Subcellular and Suborganellar Localization of SAMT1 in the Plant Cell. The first 80 N-terminal amino acids (Met-1 to Thr-80) of SAMT1 were fused translationally to the green fluorescent protein (GFP). The corresponding DNA construct was fused to the cauliflower mosaic virus 35S promoter to give 35S-SAMT1(Met1-Thr80)-GFP. A construct without translational fusion between the first 80 N-terminal residues and the GFP (35S-GFP) was used as a control. Each construct was introduced into tobacco protoplasts using polyethylene glycol–mediated transformation, and the localization of the fluorescence was examined 20 h after transformation. The merged images of GFP and chlorophyll autofluorescence are shown. (A) GFP fluorescence in a protoplast expressing the construct without translational fusion between GFP and the first 80 N-terminal amino acids (35S-GFP). (B) GFP was translationally fused to the first 80 N-terminal amino acids (Met-1 to Thr-80) of SAMT1 to give 35S-SAMT1(Met1-Thr80)-GFP. (C) SDS-PAGE analysis of total chloroplast (Chl), thylakoid membrane (Thy), stromal (St), chloroplast envelope membrane (Env), and total mitochondrial (Mit) proteins. Fifty micrograms of proteins was separated and stained using Coomassie blue. The mobilities of standard proteins of known molecular mass are indicated at left. (D) Immunoblot analysis of total chloroplast (Chl), thylakoid membrane (Thy), stromal (St), chloroplast envelope membrane (Env), and total mitochondrial (Mit) proteins. Equal amounts of proteins (50 μg) were separated by SDS-PAGE, blotted, and subjected to protein gel blot analysis using SAMT1-specific antibodies or antibodies against the following marker proteins: light-harvesting chlorophyll a/b complex (LHCIIb; thylakoid membranes), 1-deoxy-d-xylulose 5-phosphate synthase (DXS; chloroplast stroma), triose phosphate translocator (TPT; chloroplast envelope membranes), and NADH dehydrogenase (NAD9) for the respiratory chain NADH dehydrogenase (complex I) of mitochondria.
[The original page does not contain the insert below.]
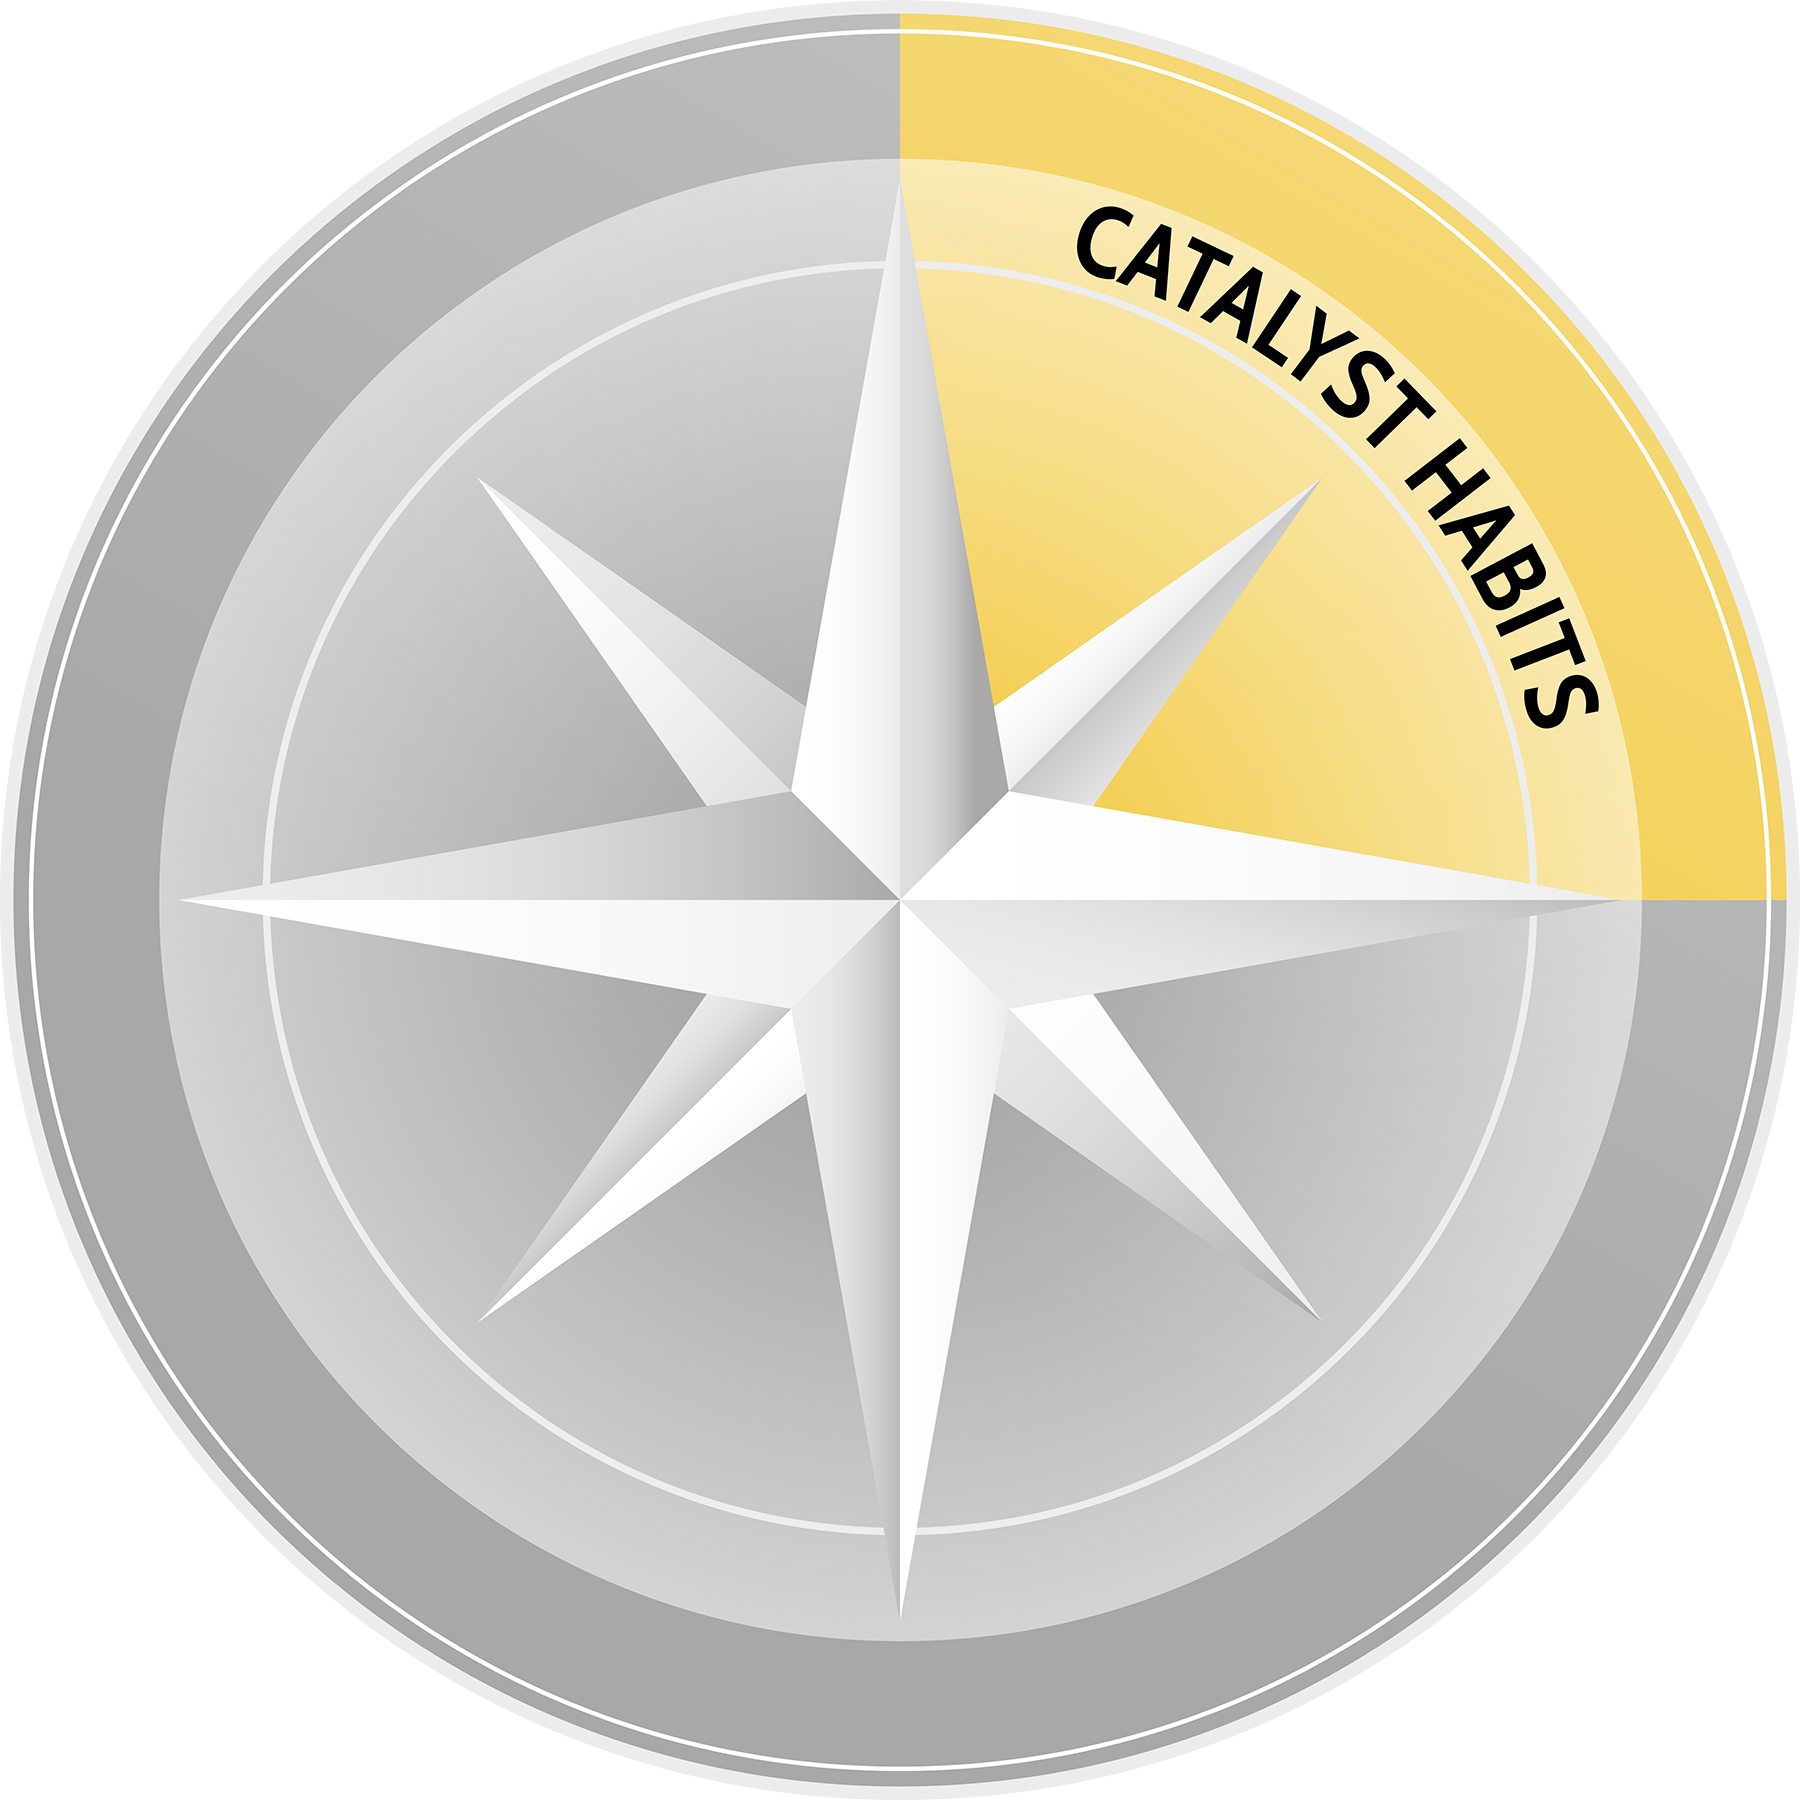 the top right quarter of the leadership journey compass in color with words catalyst habits and the rest of the compass in grey scale without words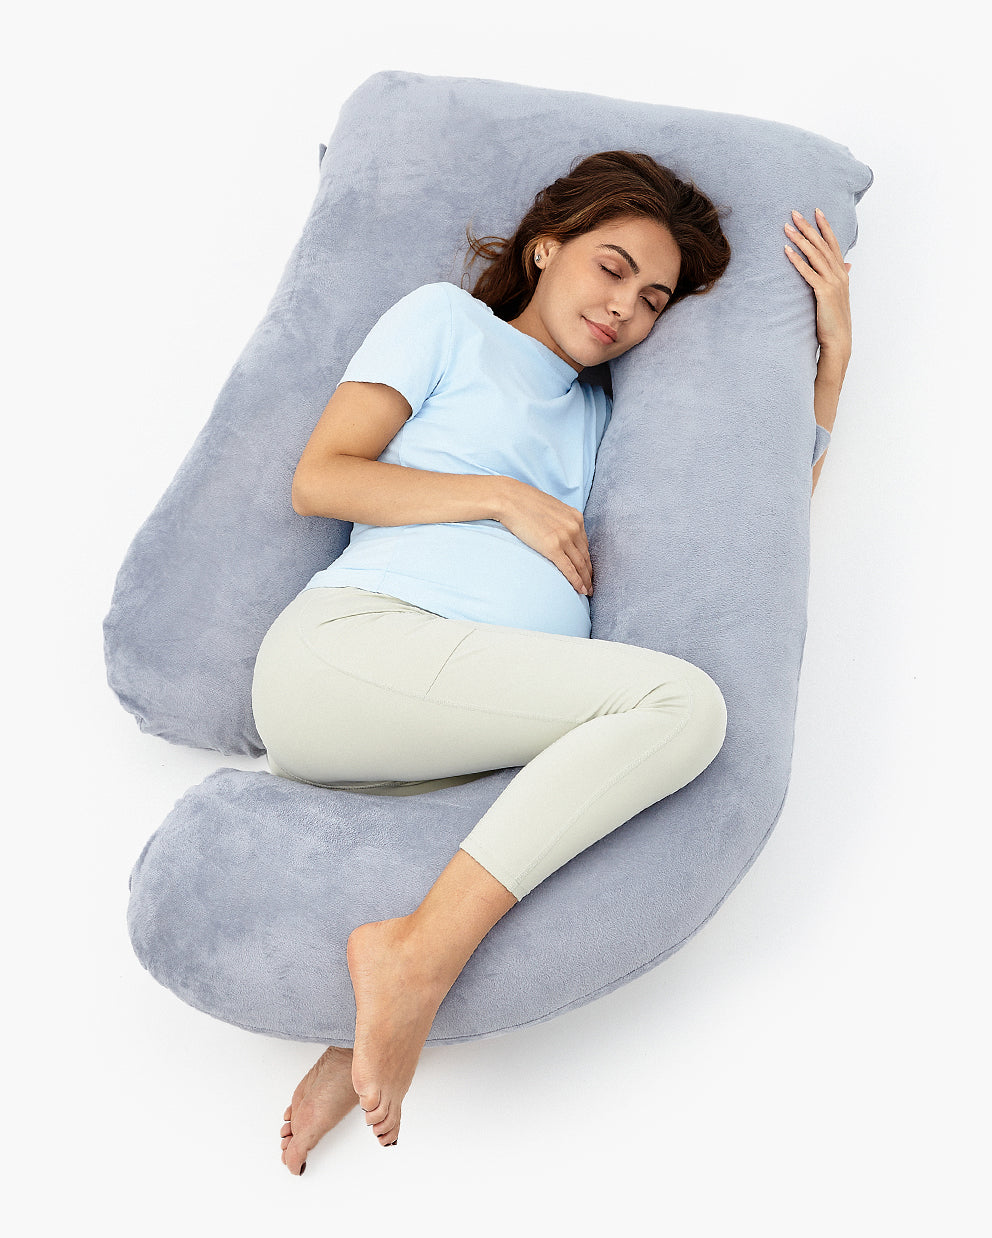 Momcozy U Maternity Pillow,Maternity Body Pillows for Pregnant Women  Sleeping with Jersey Cotton Cover

Numbers at left indicate molecular masses. (E) Suborganellar localization of SAMT1. Chloroplast envelope membranes (Env) were treated with 0.5 M Na₂CO₃, pH 11.5, or 2% Triton X-100 for 30 min at 0°C. After ultracentrifugation (100,000g), the pellet (P) and the supernatant (S) were used for immunoblot analysis using anti-SAMT1. The molecular mass of SAMT1 is indicated at left.

Figure 3.

Expression of SAMT1 in Transgenic Cells, and Determination of Apparent K_m and Substrate Specificity of Recombinant SAMT1. (A) Coomassie blue–stained SDS-PAGE gel showing the total membrane fraction of yeast cells transformed with either the empty expression vector (lane 1) or the expression vector harboring the cDNA encoding SAMT1 (lane 2), and protein gel blot of an identical gel (lanes 3 and 4). Control cells and expression lines were processed in parallel, including induction of expression by the addition of galactose. After transfer of proteins from the gel to a membrane, the proteins were immunodecorated using an anti-penta-His antibody. Lanes 1 and 3, control cells; lanes 2 and 4, yeast line expressing SAMT1. (B) Time kinetics of SAM transport into liposomes reconstituted with SAMT1. Uptake of SAM into liposomes that had been reconstituted with SAMT1 and preloaded with 20 mM SAM was induced by the addition of radiolabeled SAM to the liposome suspension. Aliquots were removed after 20, 30, 40, 60, 80, 120, 140, 300, and 600 s, and the transport reaction was terminated by loading the liposome suspension onto ion-exchange columns. SAM transport was quantified by liquid scintillation counting of the column pass-through. Open symbols and closed symbols refer to liposomes reconstituted with membranes from control cells and cells expressing SAMT1, respectively. (C) Determination of the apparent K_m value of SAMT1. Rates of SAM uptake into liposomes preloaded with 20 mM SAM were quantified independent of various external SAM concentrations. The inset shows a double-reciprocal plot of the data (Lineweaver-Burk plot) that was used to determine the apparent K_m value of SAMT1 for SAM transport. Results from one representative experiment of five independent replicates are shown. The apparent V_max observed in the experiment shown was 357 nmol SAM·mg⁻¹ protein·h⁻¹. (D) Substrate specificity of SAMT1. The substrate specificity of SAMT1 was determined by quantifying the rate of SAM transport into liposomes that had been preloaded with 20 mM SAM, SAHC, SMM, adenosine, Met, or control substrate (gluconate). SAM transport was quantified as described for (B). The data shown are arithmetic means ± sd from five independent replicates. ADO, adenosine; w/o, control (i.e., without internal substrates).

Figure 4.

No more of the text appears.